I can’t tell you how much I loathe the cult of Australian Idol. some fellow music lovers see it as a good thing; the expansion of the music market. “It gets people passionate about music”, they argue.
My argument is quite different. What ever happened to creativity? Whatever happened to innovation? New songs, new films, new concepts?
Why is it that our popular culture is so overwhelmed with the remade, remodeled or re-adapted? We have been inundated with conservatism at corporate level, employees not wanting to take a punt and rather preferring to reach for the safe option of cover songs, cartoon characters and apparently saleable multimedia franchises. Seemingly, this is the end product of the media behemoth; products so predictable, so fucking boring but again so inoffensive that after exercising one or two original ideas, we are left with Hulk (Marvel adaption), Spiderman 2 (sequel of another Marvel adaption, Cheaper by the Dozen (another remake), Shrek 2 and so on, and then cover songs that are clogging up the charts like plaque on a diseased artery, covers like “What About Me?” from Shitbox Shannon (which is currently number 2 on the Irish charts!), “Word Up”, “My Prerogative” and “Boys of Summer” – these are songs which have entered the charts just within the last few weeks, let alone the past few months.
The economics of the entertainment industry have a lot to do with this. The dot com boom heralded a new era of “content provision”. Artists, creators, writers and musicians become content providers and the companies around them became the “content distribution networks”. As a result of the internet, these companies followed a belief that they would become obsolete unless they got into the content game and could own the coolest bands, brands, songs and TV shows. Copyright was as hot as hell.
Company heads then realised that the easiest way to increase the level of content was by buying out other companies with large content libraries and merging with them. They reckoned it would save on overhead and they would have a huge catalogue that they could then distribute. Universal took over the much larger PolyGram in an incredible $US10bn deal, BMG took over Zomba, EMI and Warners marriage was stopped at the altar, and now Sony and BMG have just merged their music units only last week. An alternative view was that if the content providers merged with new economy businesses then it would create the best of both worlds: a company which had old copyright and new distribution. One of the most crazy and stupid examples of this was the merger of Time Warner and AOL, where Time Warner believed that by merging as equals with a considerably smaller and largely US based ISP, they would have the channels to reach the customer. Of this merger which was nutted out one weekend, rival Rupert Murdoch described a conversation between two members of the Time Warner board: “what the hell were we smoking that weekend?”

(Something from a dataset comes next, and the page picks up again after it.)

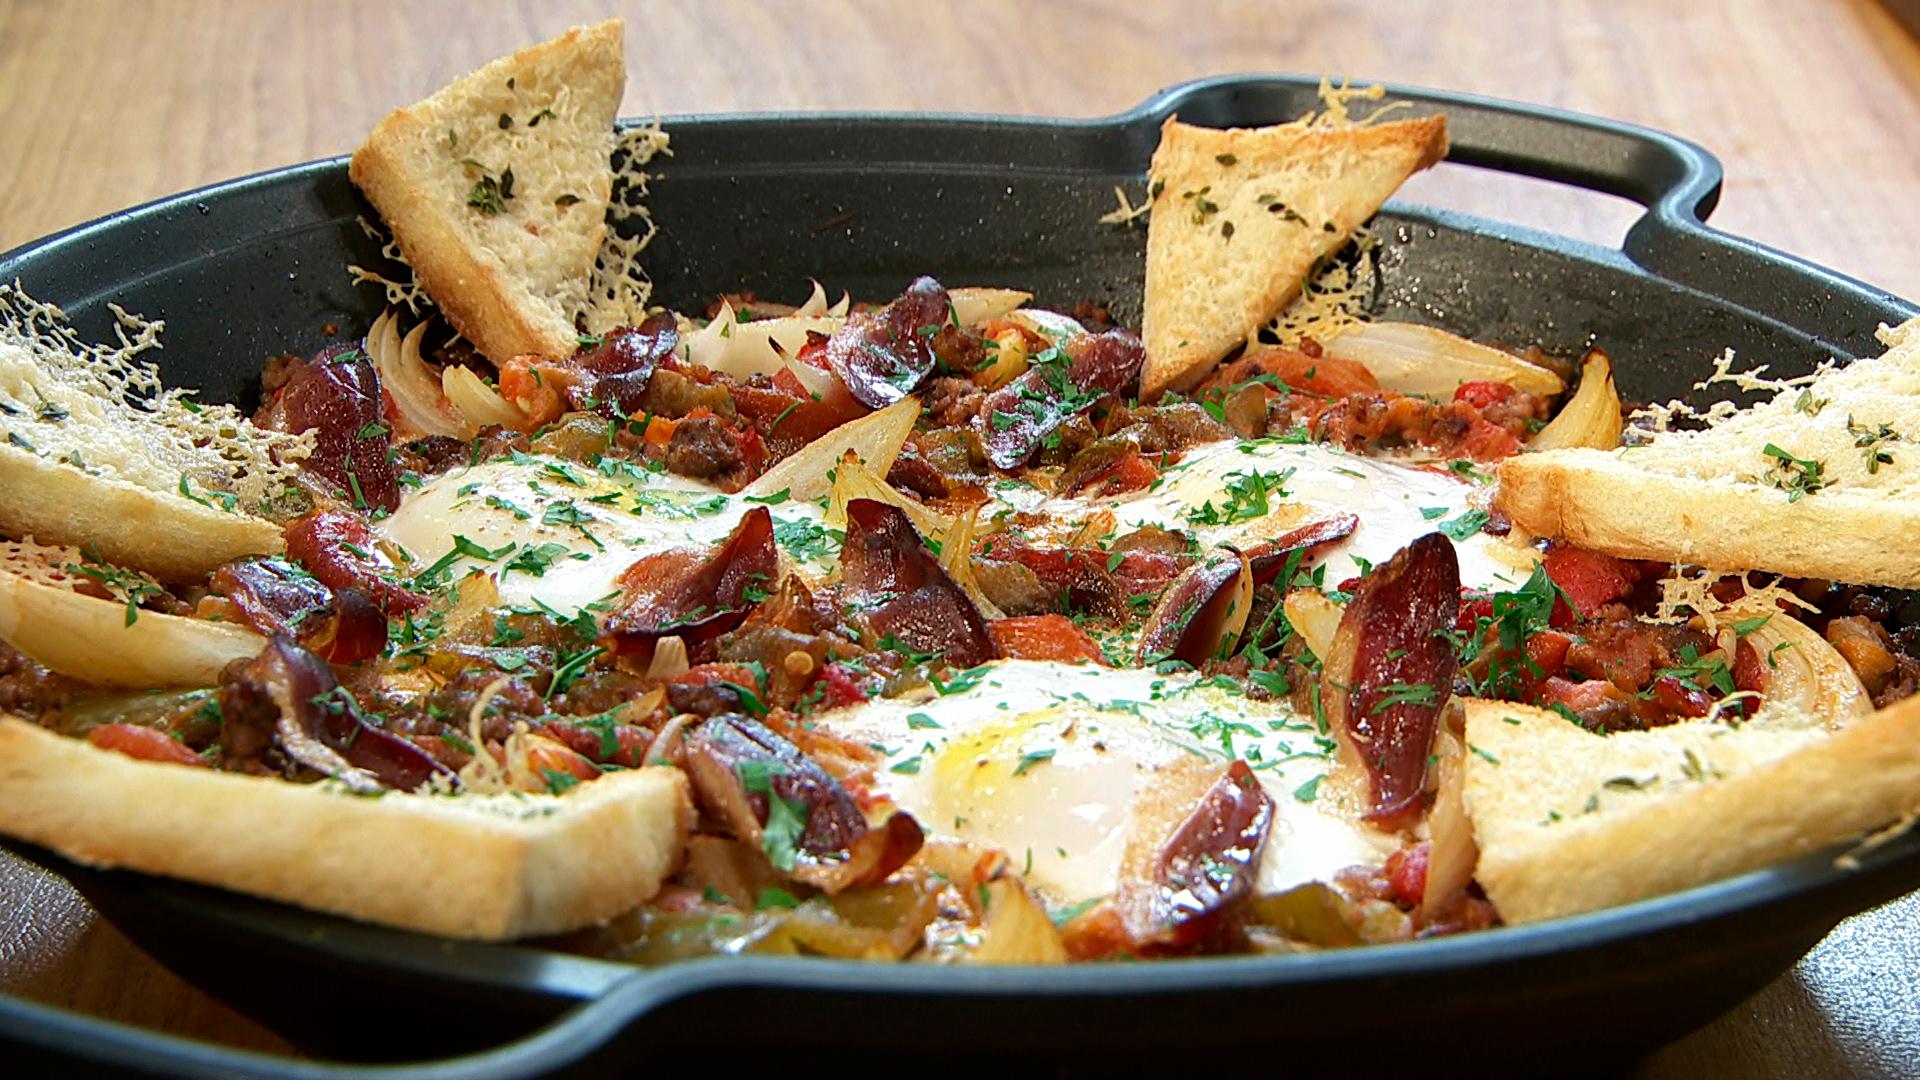 Torres en la cocina huevos al horno con verduras - Cocina al horno ...

The problem with the mergers hasn’t been the larger companies dominating the industry, but the fact that their mergers have not led to the pot of gold, the synergies and massive savings they believed they would. Economies of scale are largely irrelevant in the music industry because it doesn’t matter whether there are 20 artists or 200, holding all else equal the same money is spent on promotion and development in any case. So in an effort to exercise some cost savings, companies cut down the amount of A&R staff and artist development staff. It is relatively cheaper to buy a company and keep the back catalogue than it is to actually develop your own talent from scratch. Instead of creating, innovating and providing choice, the boards of these companies chose to cheat by buying revenue and market share – generally a short term approach.
Considering new artists are the lifeblood of these companies, one would think that they invest heavily in the area, testing the product thoroughly before releasing it to the market. But no, it’s all too hard. While there is an abundance of Marketing, Finance and Administration staff in any Australian record company, it would be rare if there was any more than one A&R Manager being given a minimal budget to invest in new talent. Hence the decline of the industry into the rehash territory, where it’s much easier to revive an old hit with the excrement of an elaborate TV game show such as Australian Idol or Popstars.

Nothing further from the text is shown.